All right fellas, here is what happened today;

I was at school and my dad gave me a call and said that he needed me to stop by his workplace, since he needed my car (2001 Sentra GXE Automatic  ). I stoped by after school, and my mom was there too. I got confused!!!

My dad said that my mom will take me home (since I had to go to work as well). While driving there, we stoped at the nissan dealer. I was like WTF are we doing here?

The salesman says; "You are Tony, right?"

"Yeah, thats me, but who are YOU?" I ask.

He throws me a key. Then points at this Black Sentra SER SpecV and tells me "Smile, you just got an awesome car".

I literally almost shit my pants!!! I did not even know how to react, what to say.... I was confused, happy at the same time!

I am so freaking happy to have that car! The best thing is that my parents got it for me, so thats an even sweeter thing. 
The bad thing is that I don't have a camera to take pictures. I am so happy about the car, I want to go and sleep in it  !

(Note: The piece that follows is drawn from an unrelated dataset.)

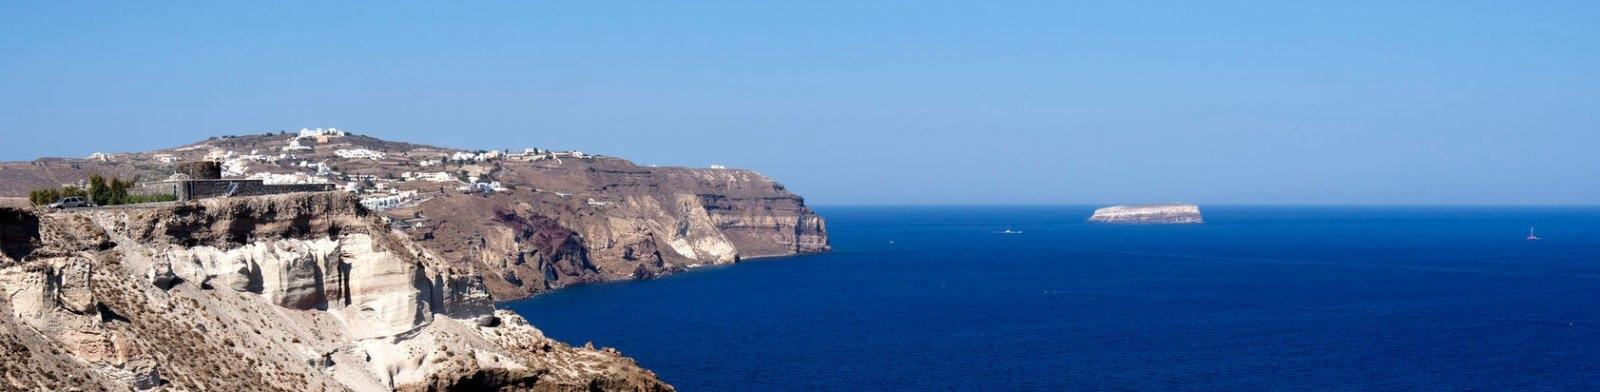 Megalochori, Santorini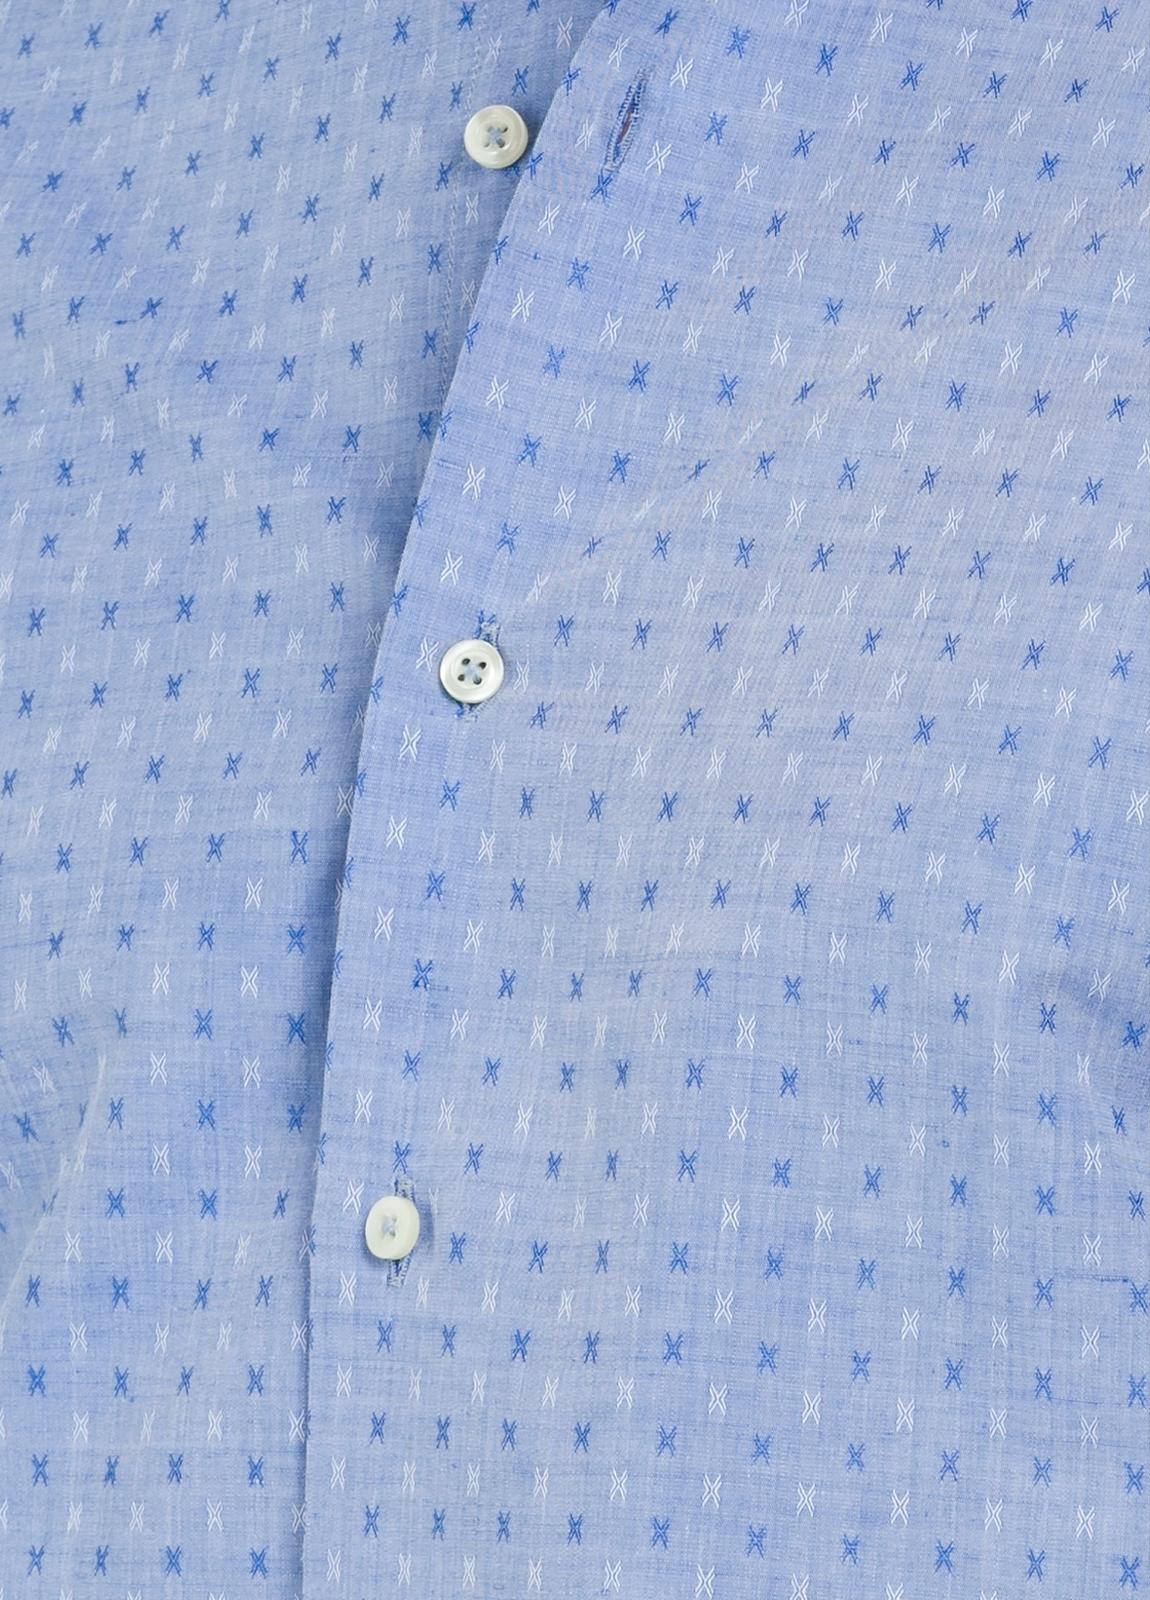 Camisa Casual Wear SLIM FIT Modelo PORTO micro dibujo color azul, 100% Algodón. - Ítem1

Just wanted to share the joy Ladies and Gentlemen


----------



## BlueSpecV03 (Dec 2, 2002)

Congrats dude! You will love it! Sounds like you had an awesome day.

Where you from?


----------



## tekmode (Feb 22, 2003)

you got some nice parents


----------



## FletchSpecV (Nov 26, 2002)

TonyB said:


> *
> 
> Just wanted to share the joy Ladies and Gentlemen *


Congrats man! I have a black Spec and it is the best car I've ever owned. I never get tired of roasting hondas and just driving it on backroads. I hope the car is as much fun for you as it has been for me! Later,
Fletch


----------



## Nismofreak_03 (Aug 18, 2003)

Congrats man! You'll love it


----------



## Ruben (Oct 15, 2002)

Like winning the lotto.


----------



## simeronbugh (Aug 22, 2003)

Spoiled brat.....my dad won't loan me five bucks. Joking dude, congrats on an awesome car. Be ready for that torque steer though (both hands on the wheel) and don't get yourself killed, they are fast little fuggin cars.


----------



## simeronbugh (Aug 22, 2003)

And oh yeah, break it in properly. Very important on the QR25.


----------



## olsaltybastard (May 11, 2003)

Yeah, don't be a dick on the roads! Enjoy it when nobody is in front of you, and take the long way home sometimes!!


----------